# "IT" Moves to The 70's on 7 at Noon!



## Scott Greczkowski (Mar 21, 2002)

XM's "IT" is just finishing up with the songs from 1969 on XM's Channel 6 (The 60's on 6) at noon "IT" will move to Channel 7 (The 70's on 7)

What is IT?

It is the greatest collection of music ever played!

It is EVERY Top 100 song released from 1935 to today played in order (from its release date!)

I have been listening to IT on the 60's on 6 and will really like it when its on the 70's (and will REALLY love it when it hits the 80's on 8 next Tuesday!)

God I love my XM!

Anyone else listening to "it"?


----------



## Scott Greczkowski (Mar 21, 2002)

Jimmy Cliff's "Wonderfull World Beatuyful People" is the last song from 1969 to play on the 60's on 6.

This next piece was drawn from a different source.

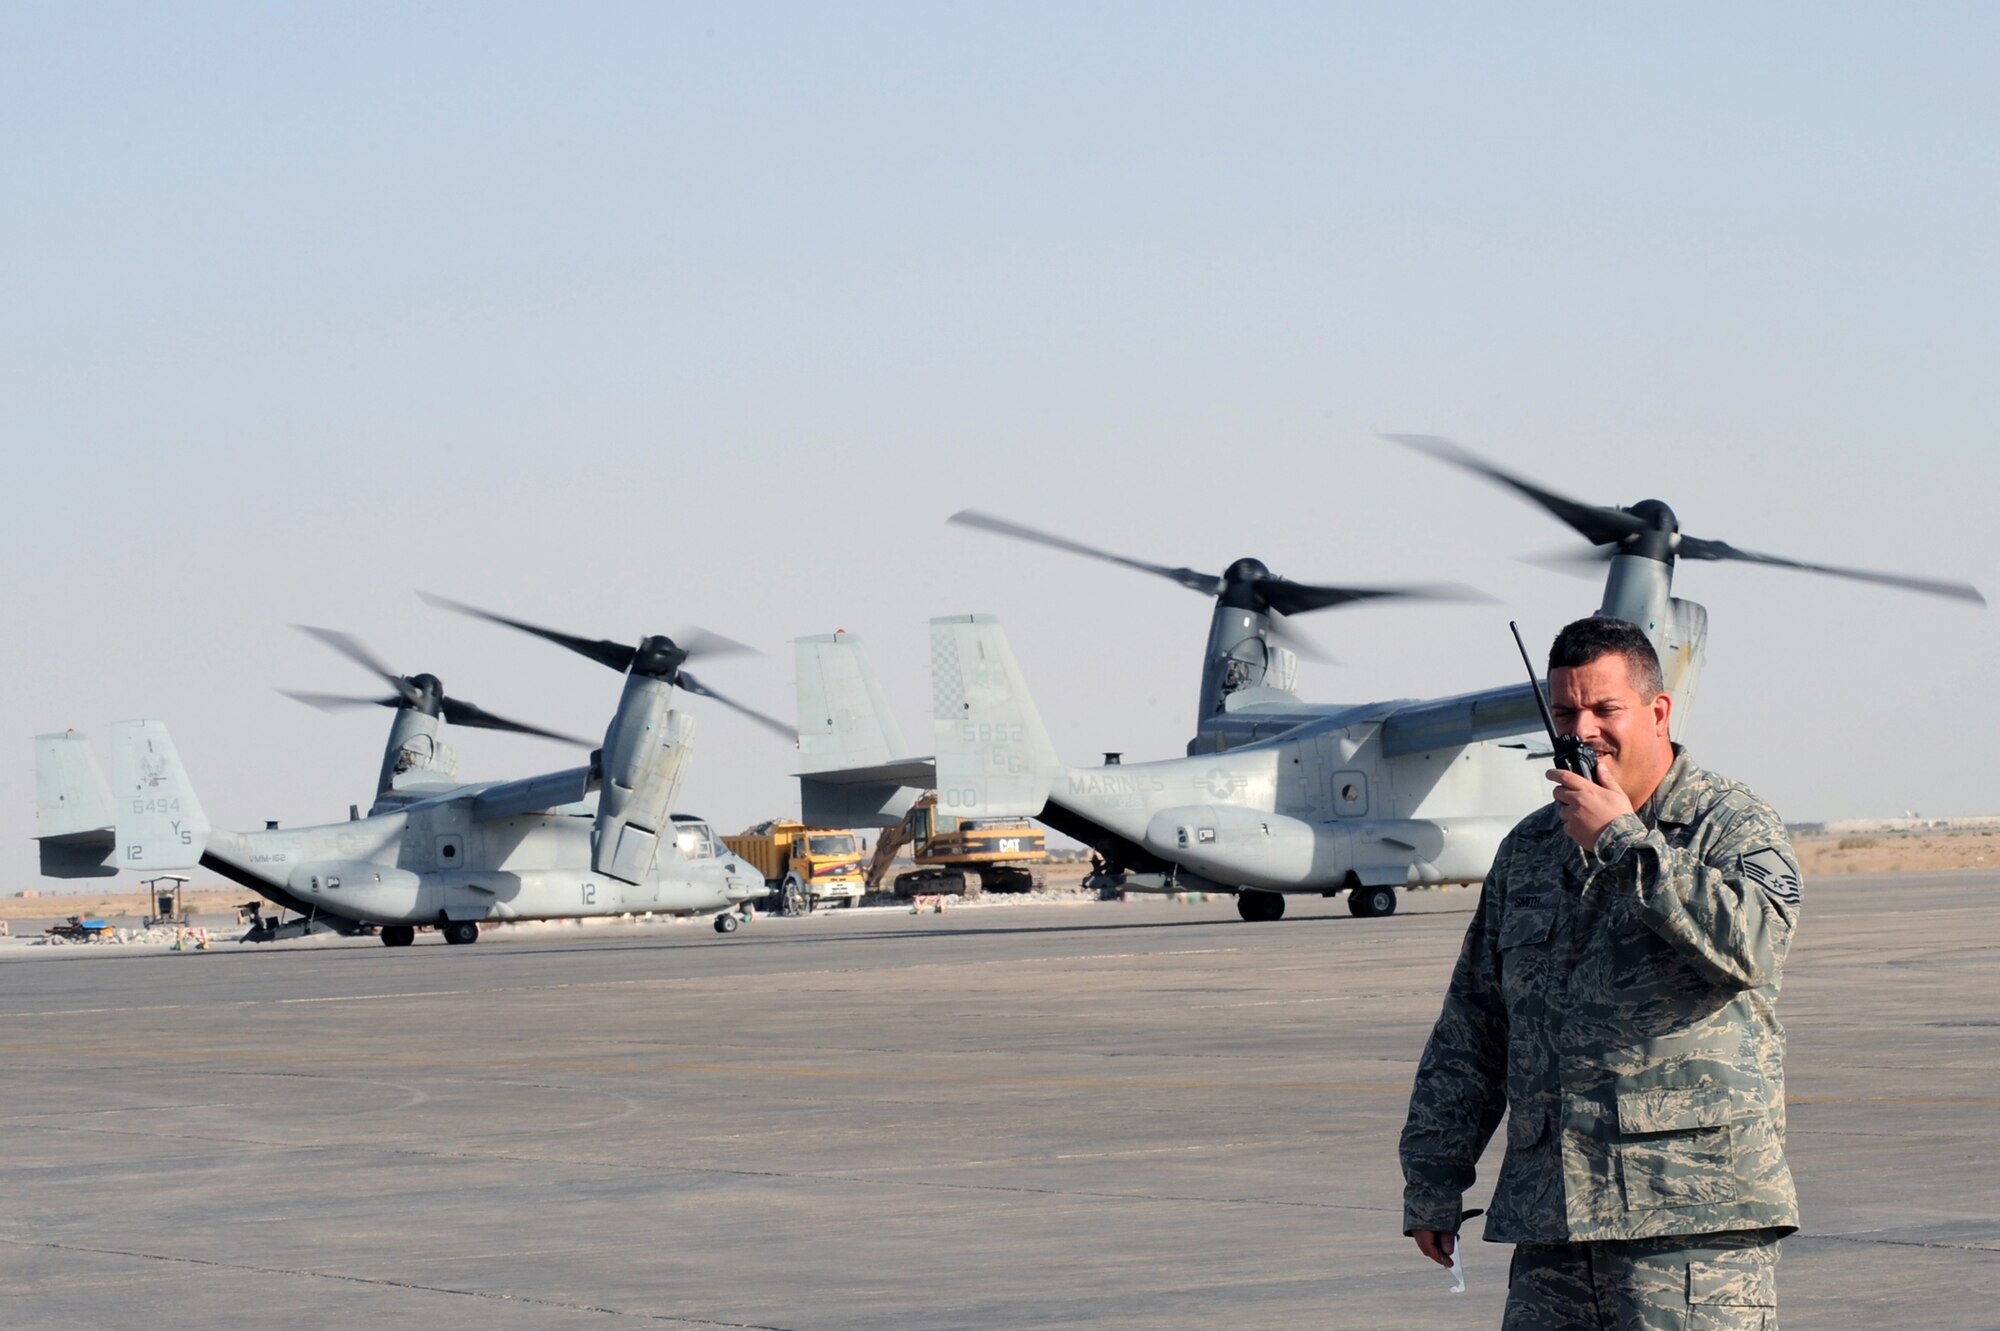 ALI BASE, Iraq -- Master Sgt. Matthew Smith, 407th Expeditionary Operations Squadron airfield manager, keeps in contact with the Air Traffic Control during the takeoff of two, V-22 Osprey's here April 24.  The V-22 Osprey is an aircraft used to transport Airmen, Troops, and cargo.  Sergeant Smith is deployed from McConnell AFB, Kan. (U. S. Air Force photo / Tech. Sgt. Sabrina Johnson)

It moves to the 70's on 7 after this song is done.


----------



## Scott Greczkowski (Mar 21, 2002)

WOW!

Exactly at noon the songs ended on Channel 6 and Channel 7 (they had it timed EXACTLY!) Now IT is on the 70's on 7, the first song is Shocking Blues "Venus" from January 1970!

It was amazing how the switch went! I was listening on 2 XM radios had one on the 60's and one on the 70's. They have this timed very well!!


----------